Attesa e silenzio.
A casa di Alberto Trentini al Lido di Venezia le tapparelle sono rimaste abbassate per tutto il giorno. Dopo la mossa del governo venezuelano e la scarcerazione giovedì dei primi due italiani - Luigi Gasperin e Biagio Pilieri - la tanto attesa notizia della liberazione del cooperante detenuto nel carcere El Rodeo I di Caracas e degli altri connazionali detenuti non è ancora arrivata.
Dunque meglio essere prudenti. In conferenza stampa la premier Giorgia Meloni si è detta "fiduciosa" per la liberazione del 46enne, assicurando che il governo italiano "si occupa della vicenda Trentini da 400 giorni" e che continuerà a farlo "mobilitando tutti i canali politici, diplomatici e di intelligence".
"Non smetteremo - ha ribadito la premier - fino a quando la signora Armanda non potrà riabbracciare suo figlio". In momenti così convulsi e delicati, anche le parole contano. E non è dunque un caso che Meloni abbia voluto evidenziare il "segnale" arrivato ieri da Caracas come un gesto che va "nel senso della pacificazione", ringraziando esplicitamente la "presidente Delcy Rodriguez" con la quale "si apre una nuova stagione di relazioni costruttive tra Roma e Caracas".
Parole che sono state - da quanto trapela - lette con apprezzamento dai circuiti istituzionali venezuelani. Al contrario, sui social i sostenitori delle opposizioni non hanno commentato positivamente la posizione della presidente italiana.
I contatti comunque proseguono, a livello di diplomazia e di intelligence, con l'obiettivo di riportare al più presto a casa il cooperante veneto e gli altri italiani detenuti. I segnali iniziali del nuovo corso sembrano positivi e segnare una discontinuità rispetto al regime Maduro, con il rilascio dei primi prigionieri politici, tra i quali due connazionali.
Ma ci vuole ancora tempo. La conferma arriva anche dalla denuncia dell'Ong venezuelana "Giustizia, Incontro e Perdono" secondo la quale al momento sono solo dieci i detenuti liberati dalle carceri dopo l'annuncio del governo venezuelano.
Stessa posizione dell'avvocato e difensore dei diritti umani Marino Alvarado: la "mancanza di trasparenza" da parte delle autorità venezuelane che "non hanno pubblicato ufficialmente un elenco delle persone che saranno liberate - sottolinea - costituisce un ulteriore maltrattamento delle famiglie". Per chi è già fuori, come Pilleri, la situazione è diversa.
Come ha scritto su X il ministro degli Esteri Antonio Tajani dopo averlo sentito, il politico e giornalista di origini siciliane "è in buone condizioni ed è già assistito dalla nostra sede diplomatica a Caracas". Per Tajani, che ha ricordato di aver fatto il suo nome al segretario di Stato Usa Marco Rubio, la liberazione di Pilleri rappresenta l'"ennesima vittoria diplomatica dell'Italia.
Un lavoro costante e silenzioso sempre a tutela dei nostri concittadini". Oltre che per Trentini, le speranze restano accese anche per il commercialista torinese Mario Burlò, il cui legale Maurizio Basile si è limitato a dire oggi che "pare sia questione di ore".

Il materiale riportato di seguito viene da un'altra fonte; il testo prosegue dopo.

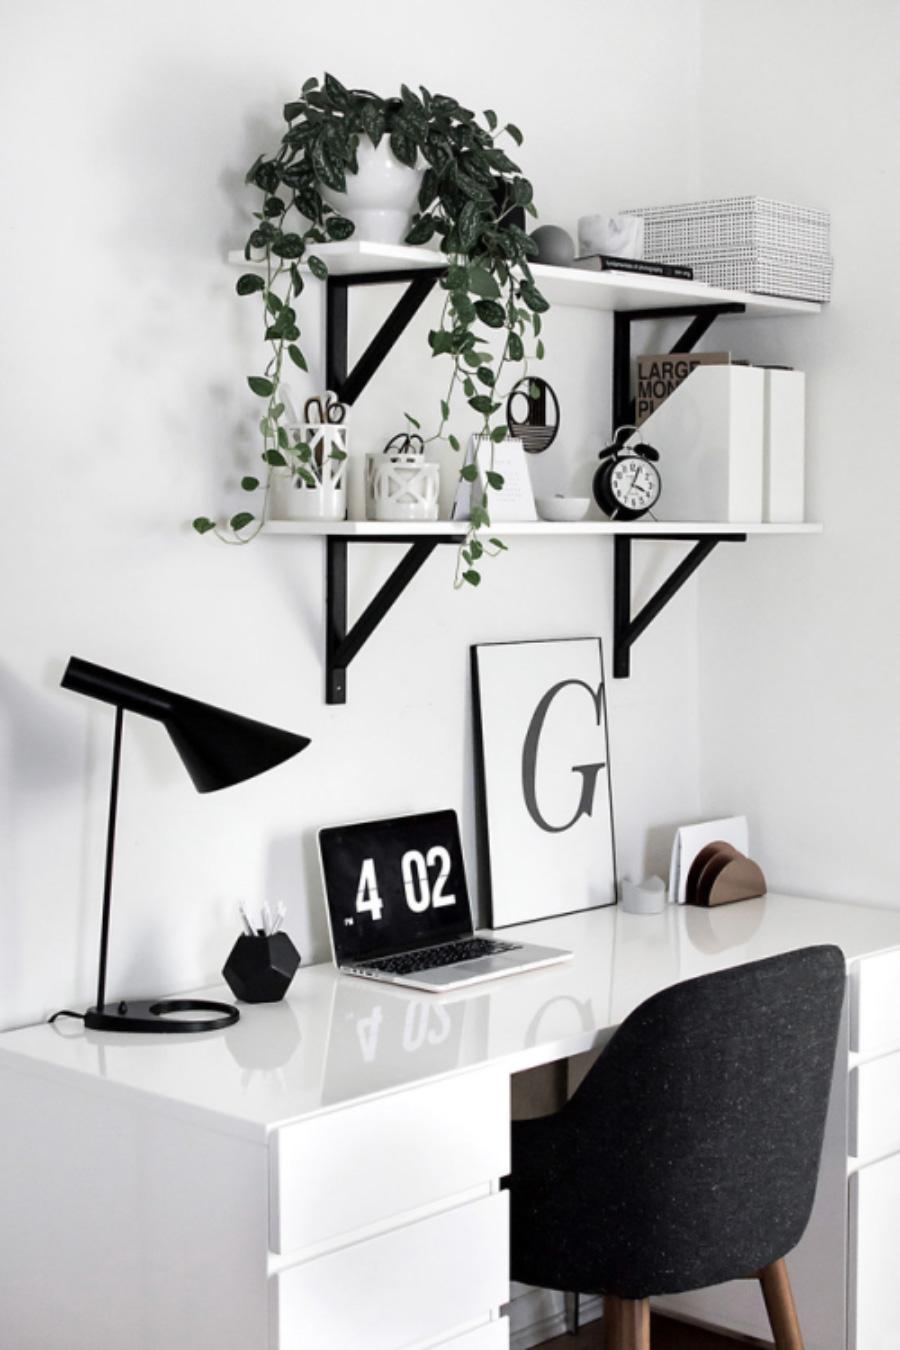 Minimalist Monochrome Interior Look - Home Office

Detenuto anche lui dal novembre 2024, proprio questa mattina avrebbe dovuto partecipare in videocollegamento al processo in Italia in cui è imputato per associazione per delinquere finalizzata a reati fiscali. Ma la rogatoria avviata dal Tribunale non ha avuto riscontro e il commercialista non c'era.
Tra i pochi rilasciati c'è anche la nota avvocata e attivista dissidente spagnola Rocío San Miguel, già partita per Madrid insieme ad altri quattro connazionali rilasciati, secondo quanto ha annunciato il governo di Pedro Sánchez.
Liberato anche l'ex candidato presidenziale di centro-sinistra, Enrique Márquez. Attivisti contattati dall'ANSA stimano che il processo di rilascio sarà graduale, e che proseguirà anche nel fine settimana. Un'attesa che prosegue anche per Alberto Trentini, i cui familiari restano chiusi dietro quelle tapparelle abbassate fino a quando non arriverà la notizia che attendono da 400 giorni.